FIG. 18 is a diagram showing an example of variation in the counterpart's utility values when the negotiation counterpart is a time-dependent agent. The horizontal axis of the graph in FIG. 18 shows the elapsed time of negotiation as a value normalized with the negotiation end time set to 1. The vertical axis shows the counterpart's utility value. FIG. 18 shows changes in the counterpart's utility value during the negotiation process shown in FIG. 16.
When the negotiation counterpart was an action-dependent agent, the learning system 1b appeared to have explored the negotiation counterpart's utility at the beginning of the negotiation, and took actions to obtain high utility at the end of the negotiation.
In the examples shown in FIG. 16 to FIG. 18, the learning system 1b often makes proposals that lower the counterpart's utility value. The counterpart's utility value shown in FIG. 18 repeatedly increases and decreases. When the counterpart's utility value changes from a small value to a large value, the set value of the counterpart's utility value is set to a relatively small value, facilitating to conclude the negotiation from the perspective of the learning system 1b. The negotiation is concluded successfully when the counterpart's utility value is greater than the value at the previous time step.
FIG. 19 is a diagram showing a configuration example of a learning device according to the example embodiment. In the configuration shown in FIG. 19, a learning device 610 includes a history information acquisition unit 611, an evaluation value acquisition unit 612, and a learning unit 613.
With such a configuration, the history information acquisition unit 611 acquires history information about proposals which have been implemented in negotiations. The evaluation value acquisition unit 612 acquires an evaluation value for the proposal from the negotiation counterpart. The learning unit 613 learns a determination method for an own proposal to the negotiation counterpart on the basis of the history information and the evaluation value.
The history information acquisition unit 611 corresponds to an example of the history information acquisition means.
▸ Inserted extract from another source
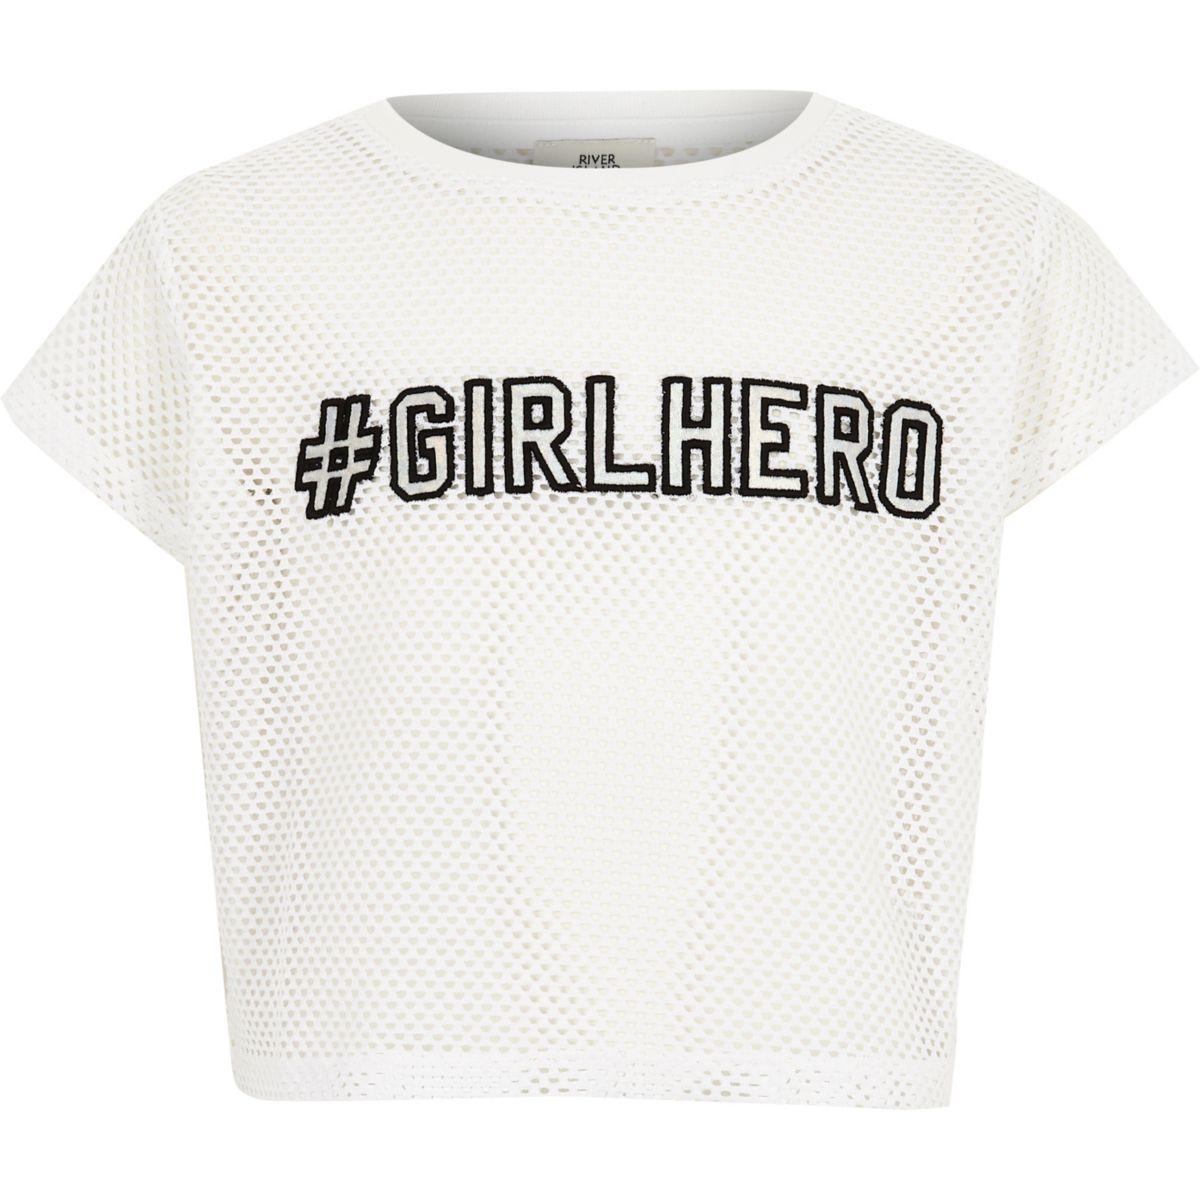 "Weißes T-Shirt ""girl hero"""
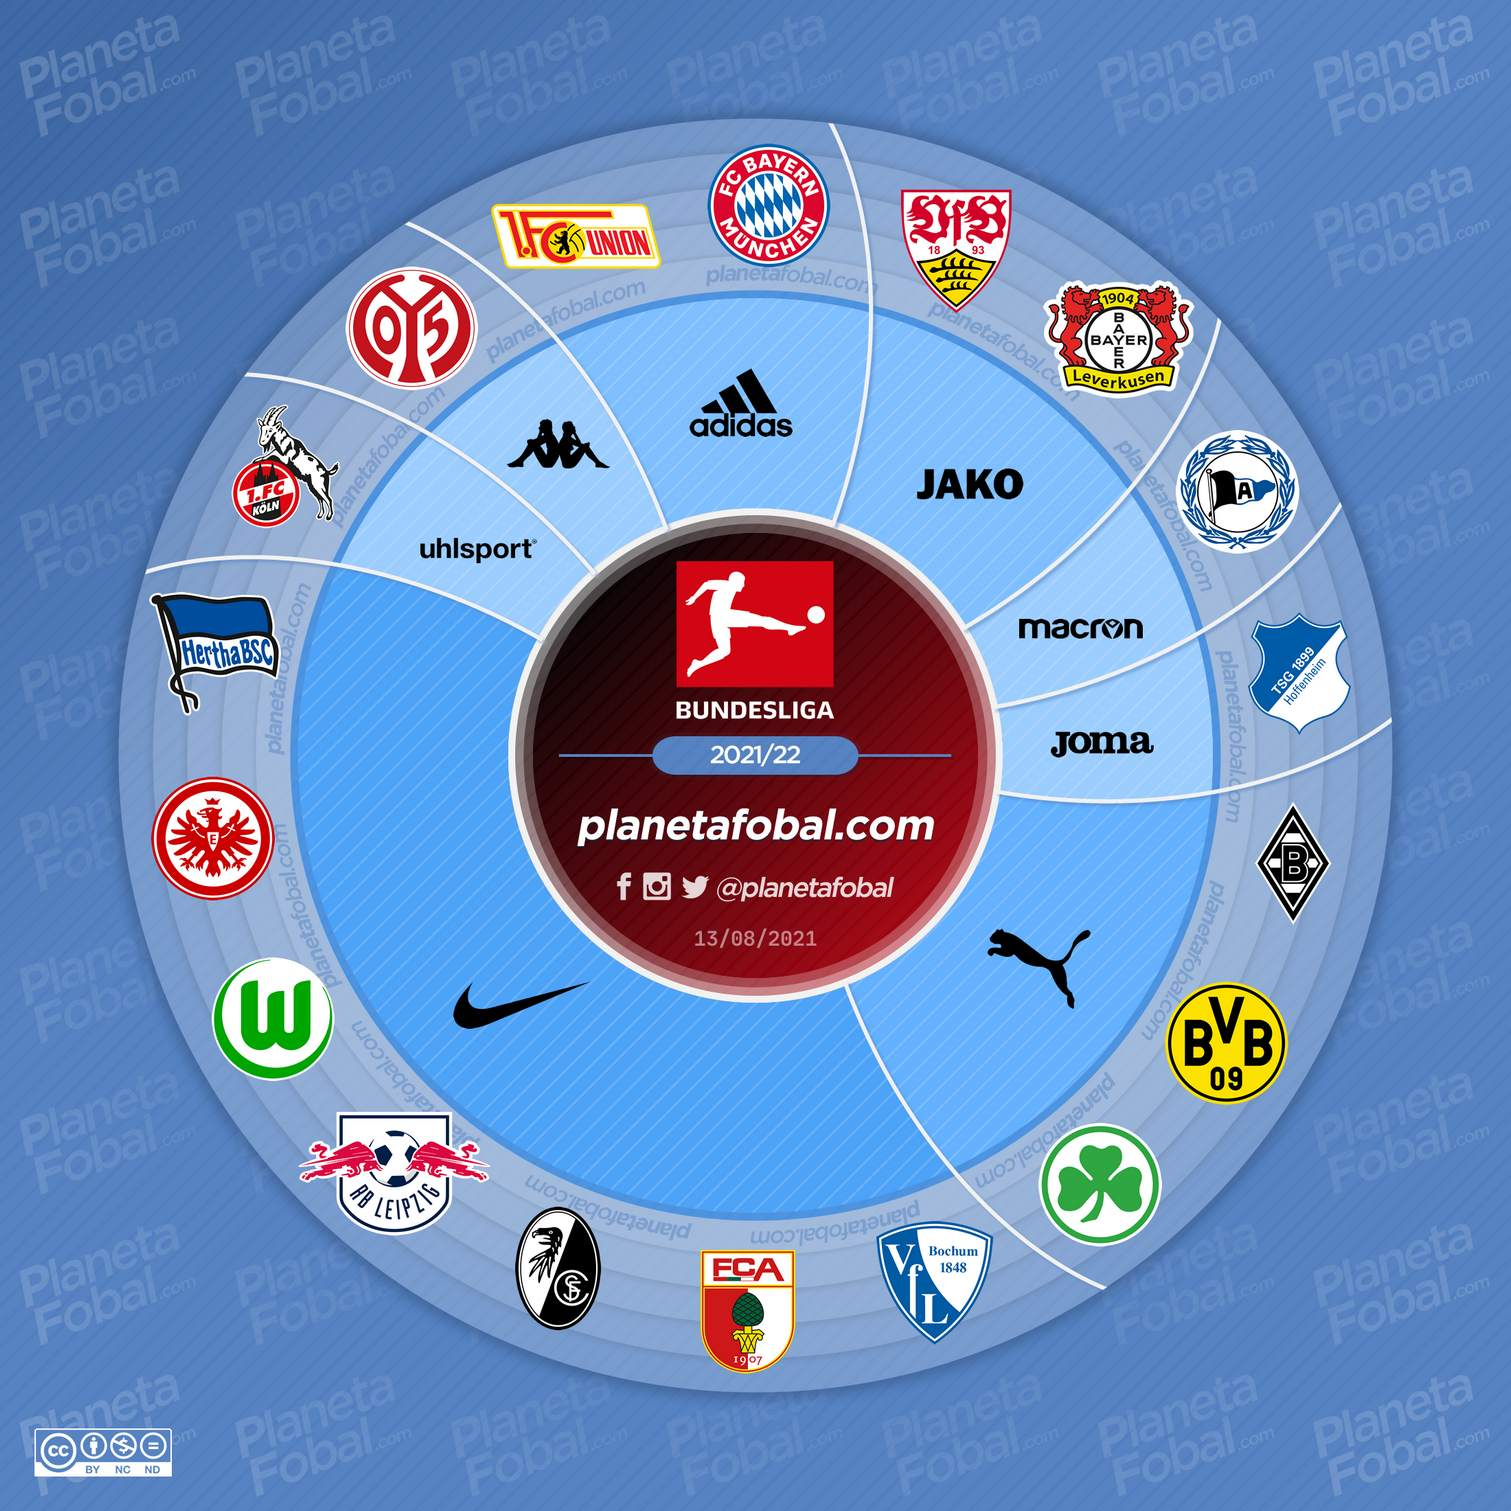 Marcas deportivas de la Bundesliga 2021/2022

The evaluation value acquisition unit 612 corresponds to an example of the evaluation value acquisition means. The learning unit 613 corresponds to an example of the learning means.
In the learning device 610, by performing learning using proposal history information, it is possible to perform learning such that the response of the counterpart to the own action is reflected in the proposal determination method. Since the counterpart's response to the own action is reflected in the proposal determination method, there is no need during operation to set or learn the utility and strategy of the negotiation counterpart.
Thus, according to the learning device 610, automated negotiations can be performed even if the utility function or utility value, or strategy of the counterpart is unknown during operation.
The history information acquisition unit 611 can be implemented using the functions of the history information generation unit 191 and so forth shown in FIG. 2, for example. The evaluation value acquisition unit 612 and the learning unit 613 can be implemented using the functions of the action determination unit 192 and so forth shown in FIG. 2, for example.
FIG. 20 is a diagram showing a configuration example of a learning system according to the example embodiment. In the configuration shown in FIG. 20, the learning system includes a history information acquisition unit 621, an evaluation value acquisition unit 622, a learning unit 623, a counterpart model execution unit 624, and an evaluation unit 625.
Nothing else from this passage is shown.